The study identified the segment by asking respondents to rate their Internet presence on a scale from 1 to 7 in terms of its importance for driving business results. Respondents who claimed their Internet presence was a five or higher were classified as "Web-Driven Entrepreneurs", whereas those answering four or less were classified as "Traditional".
"Web-Driven Entrepreneurs" are more likely to be women, have national customers, more likely to be on E-Bay and have a blog. They are also more ambitious than their traditional counterparts being more likely to access new domestic markets, move into international markets and introduce new products.
Two companies; Google and E-Bay have been fundamentally responsible for this new market by creating dynamic access points for these entrepreneurs. These companies provide small businesses with instant scalability and the chance to compete with their larger competitors, by giving them the opportunity to advertise and sell to massive markets.

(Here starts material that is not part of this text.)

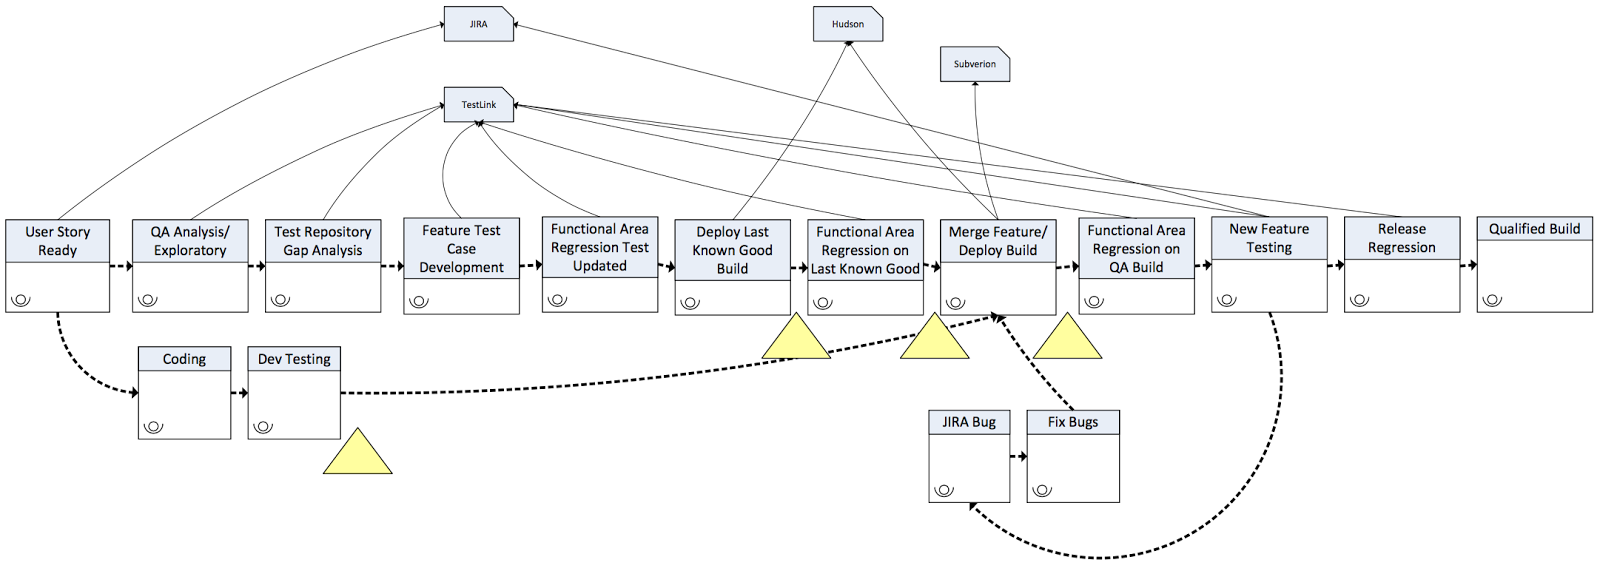 process flow diagram template visio 2010

Years back, success in small business was about having a catchy phone number and an ad in the Yellow Pages. That's now been replaced by Google search terms and if you sell goods, a store in E-Bay. The web has truly flattened the market and this is only going to get bigger as small merchants throughout the world plug into this new massive global marketplace.
To compete more aggressively, small businesses will turn to the web to buy consolidated services like health insurance and form buying groups for goods.
Waiting to swoop in on this business opportunity will be financial membership organizations like American Express, Visa and Mastercard and even E-Bay, Google and Yahoo who will use it to expand their service offerings.
The web already allows us all to become entrepreneurs for our own personal brand, managing our brand through blogs and social networking. Perhaps in the near future, we will want to monetize some of our ideas and become a part-time small business. The opportunity to treat small business as plug and play, without the worry or risk of long-term commitment, seems a likely possibility for all of us.
The Pez MP3 player story is a great example of this new reality. A man with no engineering skills, no design skills, no manufacturing plant, but one great idea, can bring his idea to life because of the power of the network, pretty amazing.
The idea that everyone can be an entrepreneur is a powerful one. For banks, web hosting companies, insurance companies, lawyers and a yet to be dermined class of middlemen, this could be huge. The secret will be to understand that this new world will not be about segmenting people into neat boxes, those who are small businesses and those who are not.
Instead, it will be about being sensitive enough to identfy any individual with potential entrepreneurial tendencies and providing with them with the flexiblity and tools to act on them.